The virtual station approach was undertaken by Jevrejeva et al (2008), in which they extend sea level records backwards from 1850 by using three of the longest tide gauge records available. The linear part of each record was removed, which contained the land movement component. The same approach could be applied to the Irish data set. As Dublin PSMSL has the longest record in Ireland, the data could be used to extend back other records such as Dunmore East (Jevrejeva et al. 2008).
The data are not homogenous and consistent enough to average simply. If comparing NTGN data with PSMSL data the records need to be in a standardised format. Such as removing roughly 7000 and the mean from PSMSL data. Similarly the NTGN data needs to be converted from meters into millimeters. To relate longer records to shorter ones, you could find where the data overlaps, get the difference between the two during the overlapping period, and add that onto the original data set. If the data do not overlap, in the case of Malin, a station nearby that has a longer record could be used as a proxy.
There are a variety of factors that influence sea level rise and are discussed by Dangendorf et al. (2017) and Hay et al. (2015) These factors include glacier and ice-sheet mass loss, ocean thermal expansion, and changes in land water storage. Each of these factors influence global sea level, contributing to the acceleration in sea level rise. Producing an estimate of how the sea has risen globally has proven a difficult challenge. Difficulties arise as long-term data is globally sparse and inhomogenous. The data tends to be contaminated by local signals due to ongoing glacial isostatic adjustment (Dangendorf et al., 2017; Hay et al., 2015). When producing the Irish Mean Sea Level curve each of these factors influences the records. Ocean thermal expansion and ice-sheet mass loss has global effects on sea level rise and therefore would contribute to an increasing sea level rise in Ireland. Other factors such as long-term consistent data also proves as a problem when producing the curve. The PSMSL data tend to have older records than the NTGN however the data is inconsistent and a lot of the stations have stopped recording sea level. Similarly, the stations from the PSMSL are not evenly distributed around Ireland and there is a lack of long term data for the south of Ireland. The NTGN stations are more evenly distributed, but have short term recording periods. Therefore, it is difficult to analyse trends from the data. Glacial Isostatic Adjustment also plays a fundamental role with regards to sea level rise in Ireland. Particularly in the south west of Ireland, where the land is sinking every year, which would cause a more significant increase in sea level rise, which can be seen in the map with regards to Castletownbere. However, in the North East of Ireland the ground is rising partially, which may cause sea level rise not be recorded in that area.

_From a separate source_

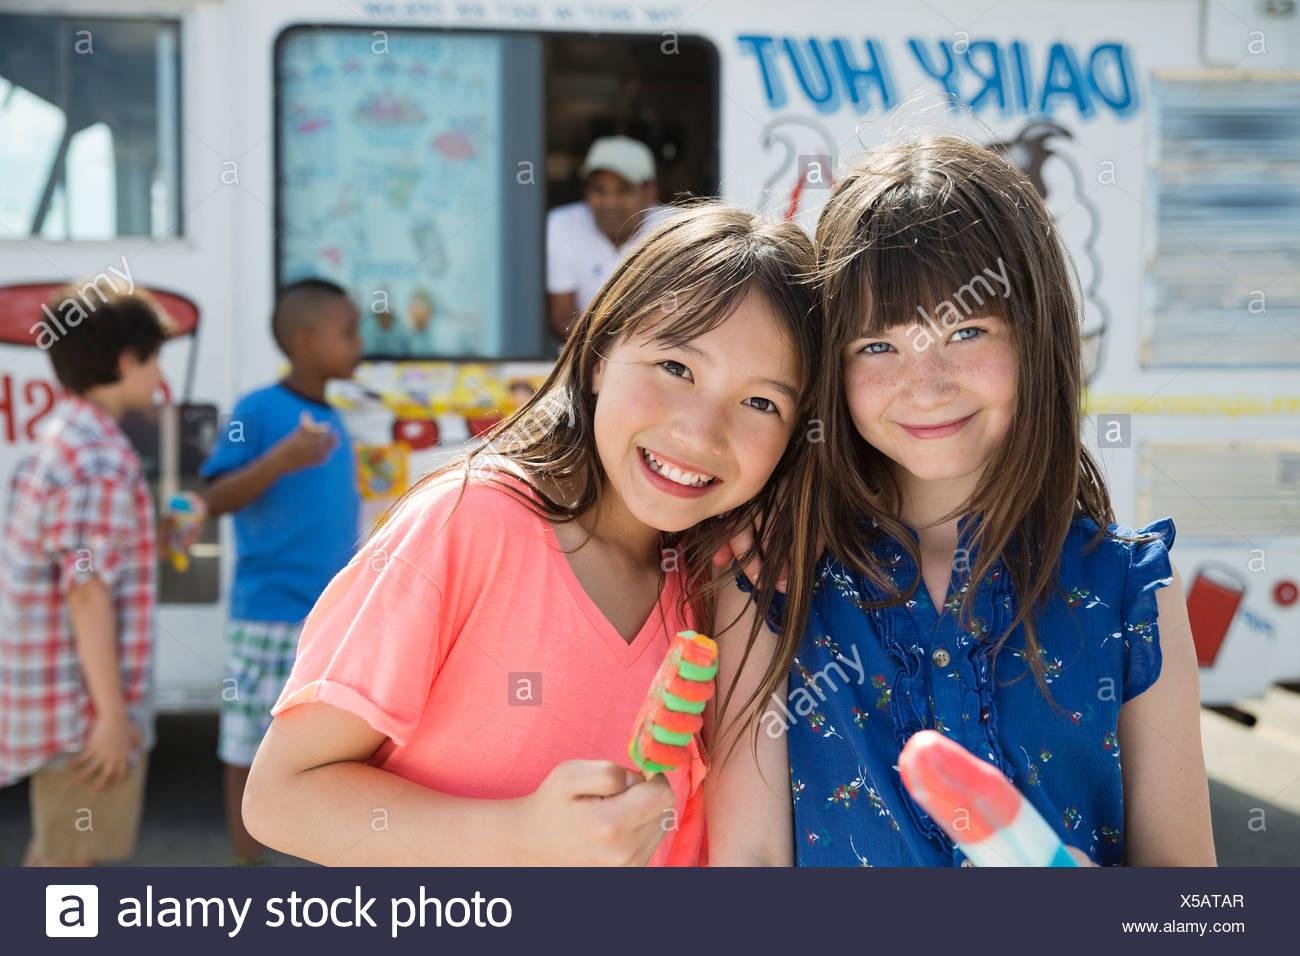 Retrato de cute girls celebración paletas Imagen De Stock

Overall this exercise has highlighted the difficulty of producing a mean sea level curve for Ireland. The tide gauge data from Ireland is from two different sources and they use different formats. This causes difficulty, because to analyse the data it must be in a standardised format. Similarly, the records are of different lengths and contain a lot of missing data. To extend data frames, stations near by can be used to infill the missing data. These all give rise to the ultimate problem of producing a global sea level curve, which analyses sea level rise trends globally. Different methods and local factors give rise to different results. However, it is of utmost importance to understand how sea level is changing, especially in the face of climate change, as sea level rise will have devastating impacts on low lying lands and coastal cities if adaptative behaviours are not undertaken.
Bibliography:
Dangendorf, S., Marcos, M., Wöppelmann, G., Conrad, C.P., Frederikse, T. and Riva, R., 2017. Reassessment of 20th century global mean sea level rise. Proceedings of the National Academy of Sciences, 114(23), pp.5946-5951.
Hay, C.C., Morrow, E., Kopp, R.E. and Mitrovica, J.X., 2015. Probabilistic reanalysis of twentieth-century sea-level rise. Nature, 517(7535), p.481.
Jevrejeva, S., Moore, J.C., Grinsted, A. and Woodworth, P.L., 2008. Recent global sea level acceleration started over 200 years ago?. Geophysical Research Letters, 35(8).